Regardless of whether you place the hot tub indoors or out, it is important that your base can support a sufficient weight load. Spas can weigh up to 1,000 pounds - throw in water at about eight pounds a gallon and people to boot, and the weight adds up fast. A general guideline is to make sure the space you choose can support at least 100 pounds per square foot. If you place your hot tub in an area that isn’t properly prepared you may end up with a cracked hot tub, damaged deck or broken patio foundation.
Electrical requirements will vary by hot tub, so check the model you are considering. There are some you can plug in to a standard outlet, but others may require different voltages or capacities. Standard U.S. outlets provide 120 volts at 60 hertz. If your hot tub exceeds this voltage or requires different hertz you should consult a professional electrician about a suitable connection for your spa.
There are a few different ways to measure hot tub sizes and shapes: by dimensions, by volume or by the number of people that the hot tub can accommodate.
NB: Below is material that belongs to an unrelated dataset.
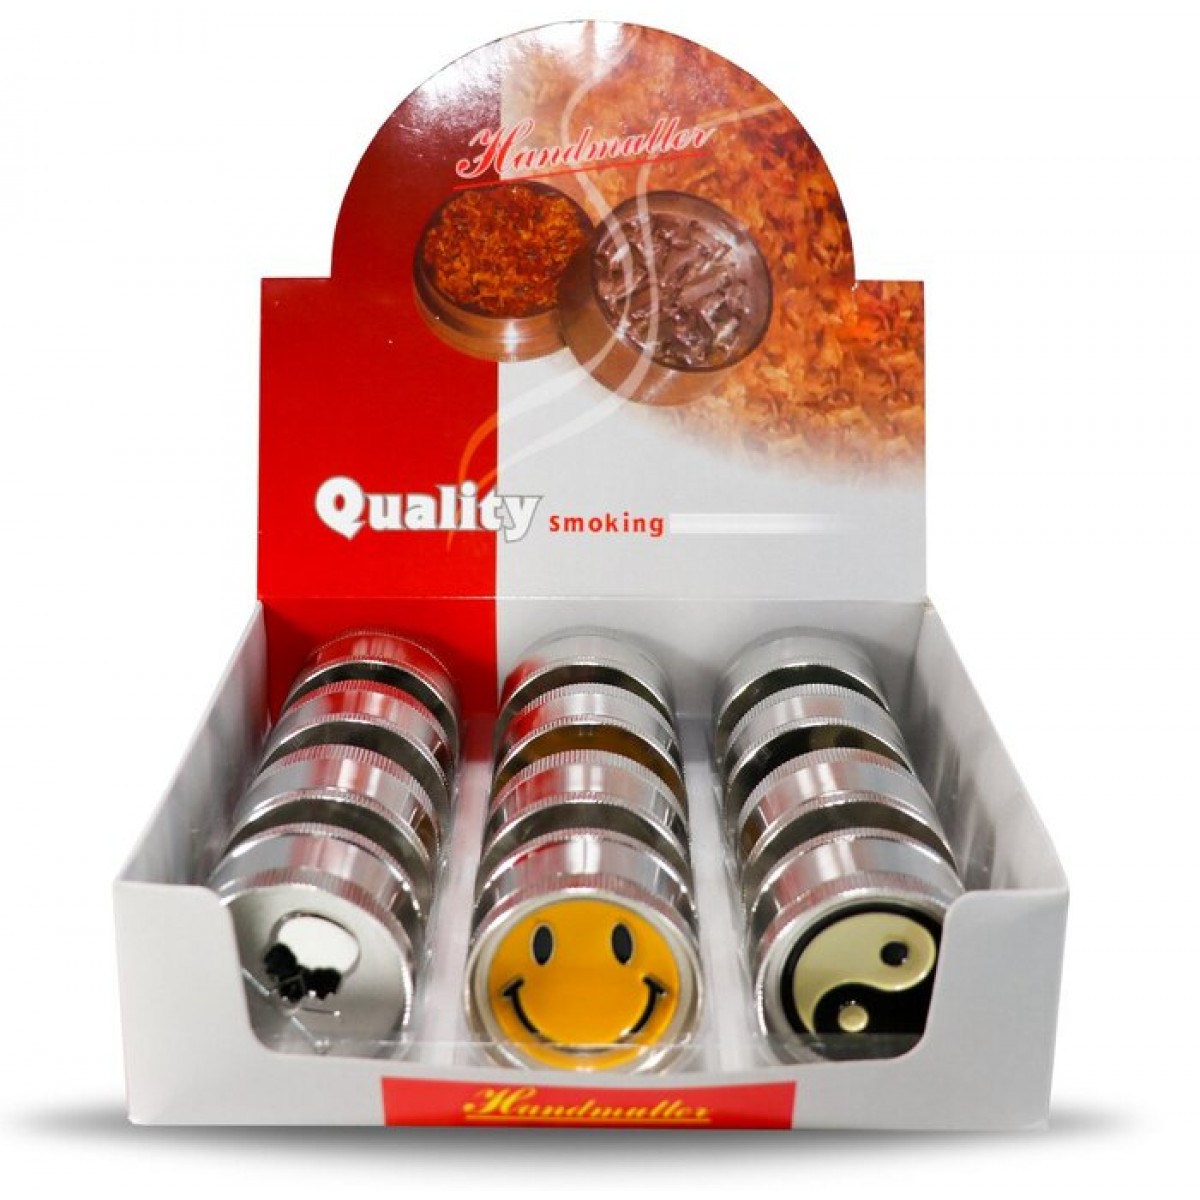 Quality Smoking Handmuller Grinder - 3 Parts - Case of 12

For example, you might think a two person hot tub would be a compact choice, but some designs allow more room to spread out or recline. So, even if a hot tub seats two or four people, be sure to refer to other measurements as well.
When it comes to hot tub shapes, designs include triangular corner hot tubs, round tubs, square tubs and oval-shaped spas. The shape you select will be a matter of preference, but it is worth noting that corner hot tubs are a great option for maximizing space.
Hot tub jets are a crucial feature that improves every spa experience with a water massage that can soothe sore muscles and improve circulation. Assess the number and placement of jets in a hot tub, as well as the specific types you like, because they will greatly impact performance.
The specific names for jets may vary between brands, and many brands even have their own specialized jets, but keep an eye out for the following basic types:
Remember that more jets don’t always mean better performance. Type and placement varies widely and these factors are just a matter of preference, so choose what you would enjoy most.
The hot tub’s exterior, which is called a cabinet, is an important feature both for general appearance and because it protects the hot tub from the elements. Hot tub cabinets come in a range of designs from wood or faux wood panels to plastic and polyethylene. All are designed to be durable options for outdoor use, so select the one that fits best with your space.
The interior of a spa is typically made of acrylic, which comes in a range of different colors. Popular options include grey, blue, or black, pearlescent hues, imitation marble patterns, and speckled designs. Inflatable hot tub options use more flexible materials and may feature interiors made of PVC fabric, vinyl or rubber instead.
Aside from the core features of your spa, you may also want a few extra built-in perks. Many hot tubs come with features such as color changing lights, integrated stereos, or waterfalls and fountains to aid in water recirculation. All of these can add further relaxing elements to help you get the most out of your hot tub.
Additionally, you will also need a few accessories to keep your hot tub clean, safe and running smoothly. Be sure to purchase a hot tub cover to keep the water free of debris such as leaves or bugs and, if there are any children in your home, consider a child safety lock. It is also helpful to stock up on supplies such as chlorine, bromine or other water purifying additives to keep the water in good shape and ready for use.